En particulier, le manque d'effort demandé aux collectivités locales rejaillit sur la consolidation budgétaire à réaliser au niveau de l'État, malgré les économies supplémentaires apparemment dégagées. Les contraintes imposées aux dépenses des administrations de sécurité sociale, malgré les précautions méthodologiques retenues, sont globalement respectées. C'est donc l'État, et en particulier la contraction de sa masse salariale, qui pèse en grande partie sur les incertitudes budgétaires relevées. Les « marges de prudence » affichées dans le programme du candidat n'y suffiront pas. Il faudra nécessairement que des mesures complémentaires prennent le relais. Leur volume, la rapidité de leur impact, plaident pour un ajustement préférentiel à court terme par l'impôt plutôt que par la dépense… à moins qu'il ne soit mis fin, de façon durable, à la rétrocession de 50% des économies réalisées dans la politique du un sur deux. Face à l'ampleur des ajustements à effectuer cela nous semblerait un moindre mal.

Conclusion

En dépit des apparences, le programme de Nicolas Sarkozy est de loin le plus chiffré des programmes présentés aux Français dans le cadre de la campagne présidentielle. Si des incertitudes demeurent, il a au moins le mérite d'afficher les efforts demandés et de permettre une reconstitution relativement documentée des ajustements budgétaires et financiers à réaliser durant la période. Si les marges de sécurité semblent incertaines, ce programme est le seul à proposer un éclairage global sur la trajectoire budgétaire à suivre.

[(

Solde recettes et dépenses, programme complémentaire/effets annonces (hors retraites [4])
2011 2012 2013 2014 2015 2016
-1,84 -1,08 -2,91 0,67 5,00 8,73

)]

[1] Par convention la présentation des soldes s'effectue en comparant le programme de stabilité au programme du candidat. En conséquence lorsque les soldes sont négatifs c'est qu'il existe un gain d'économies ou de recettes supplémentaire dans le programme de ce dernier par rapport au programme de stabilité. A contrario lorsque le solde est positif cela implique que l'effort du programme du candidat est insuffisant par rapport aux prévisions soumises à Bruxelles. L'unité retenue est le milliard d'euros.
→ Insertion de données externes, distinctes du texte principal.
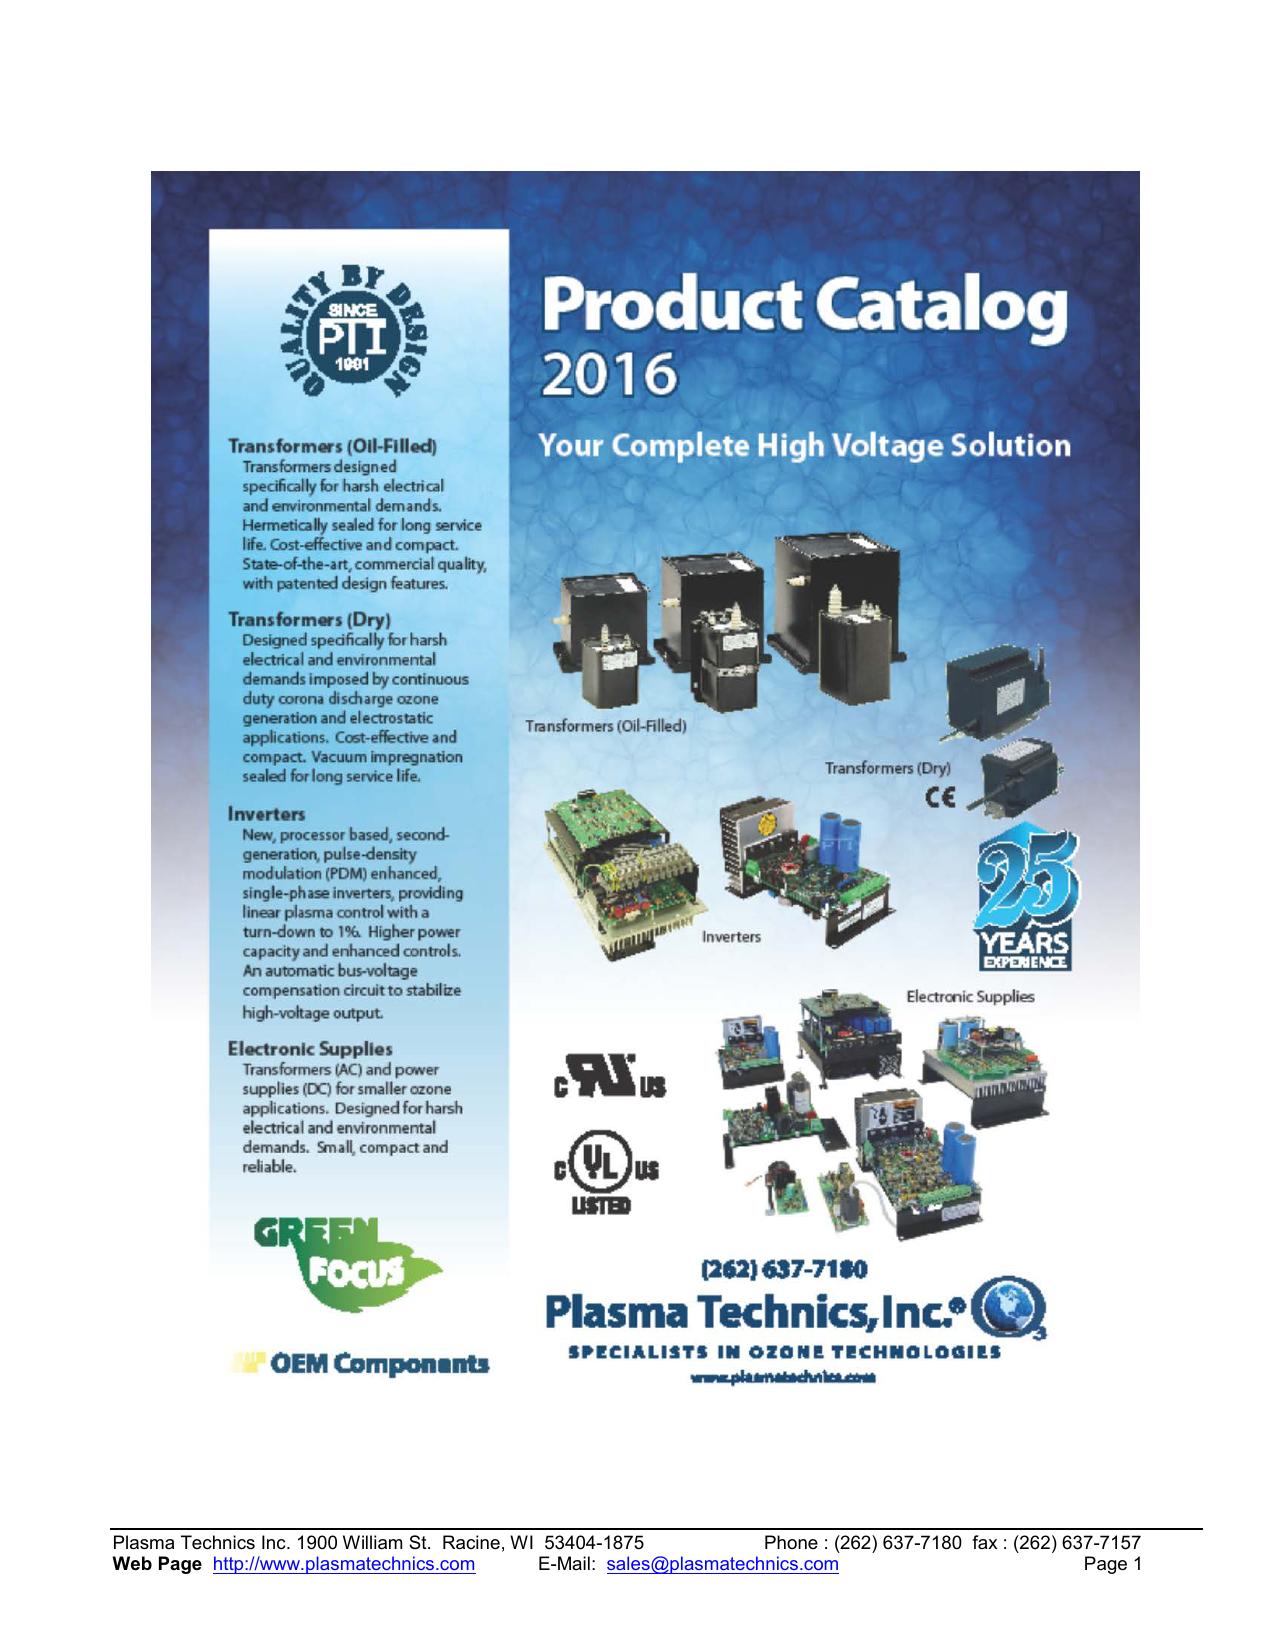 Product catalog - Plasma Technics | manualzz com

[2] Il subsiste un différentiel de 1 milliard d'euros par rapport au programme de stabilité mais ce différentiel est en lui-même très peu signifiant.

[3] Voir rémunérations et pouvoir d'achat dans la fonction publique, statistiques et données de référence, 2010.

[4] Il faut noter que le programme de Nicolas Sarkozy respectant parfaitement les économies anticipées par la réforme des retraites, le différentiel par rapport au programme de stabilité est nul. L'effet est donc neutre sur la détermination du solde final.